You mention that your 3/8" dowels are too big for your 3/8" holes. I have noticed that dowels at any and all stores are not the same exact size. ie 3/8". I took all of my forstner bits and drilled each size into a block of wood. If I need a dowel, I take the block of wood to the lumber yard or box store and insert thier dowels into my block of wood at the size I need. I now am assured that when I get home, the dowel I have purchased will fit the forstner bit and hole I will use. You would think all the dowel sizes would be the same but with the different species of wood, they are not….........


----------



## bubinga (Feb 5, 2011)

Carefully clamp down a portable drill, chuck up the dowel in the drill, run the drill ,carefully sand a little the full length ,and check the fit, sand and check ,etc. this will go quickly
If you make it to small ,you will have to sand again,,kidding !!!!


----------



## LeeBarker (Aug 6, 2010)

All good suggestions, and I especially value cr1's insights about peening. I've done that, but not with a steel dowel in the hole, just nudged some cutting edges into the hole. It actually can end up slotting the dowel, which is not a bad thing.

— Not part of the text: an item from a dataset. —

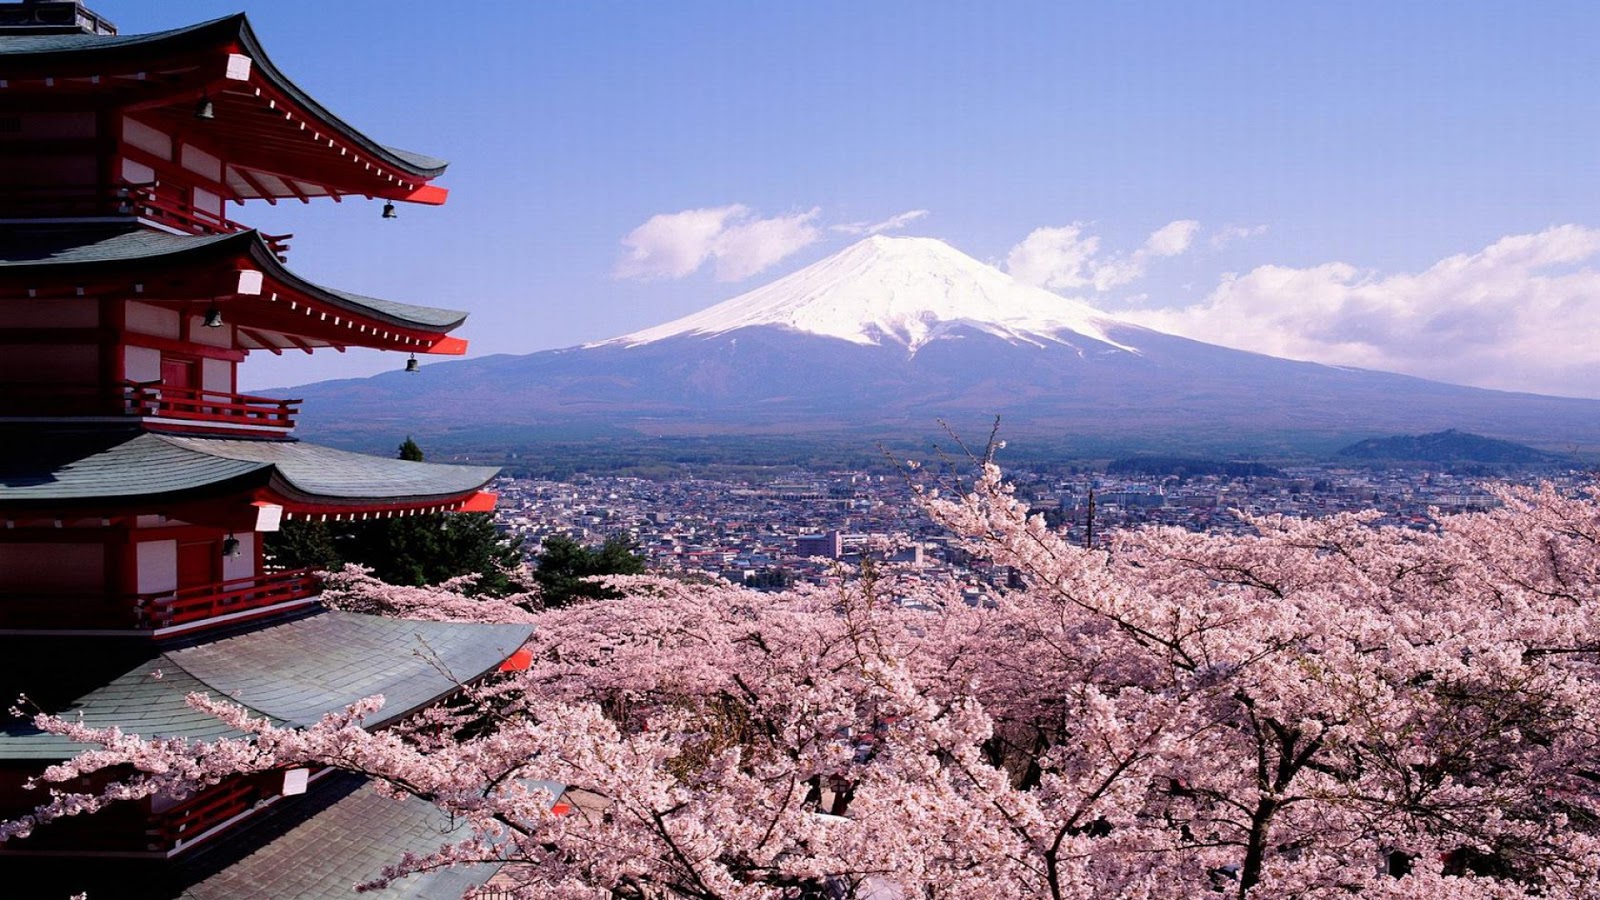 Tempat Wisata Jepang Yang Favorit

Another thought is about the moisture content of the dowels affecting their diameter. If you are in a humid place, try putting a few in the Amana Radarange and see if drying them a bit reduces them.

Kindly,

Lee


----------



## mechanicalengineer (Sep 27, 2010)

It's a lot easier and faster to drill a hole the size of a dowel than too reduce the size of the dowel to fit the hole.


----------



## SteveMI (May 19, 2009)

I got turned on to MLCS Tenon Cutters by somebody a while back on LJ.
http://www.mlcswoodworking.com/orderstatus/html/smarthtml/pages/plgtenon.html

Nice thing is that you can cut the dowels from cutoffs of the same wood as the rest of the project. It really makes blending them in easy.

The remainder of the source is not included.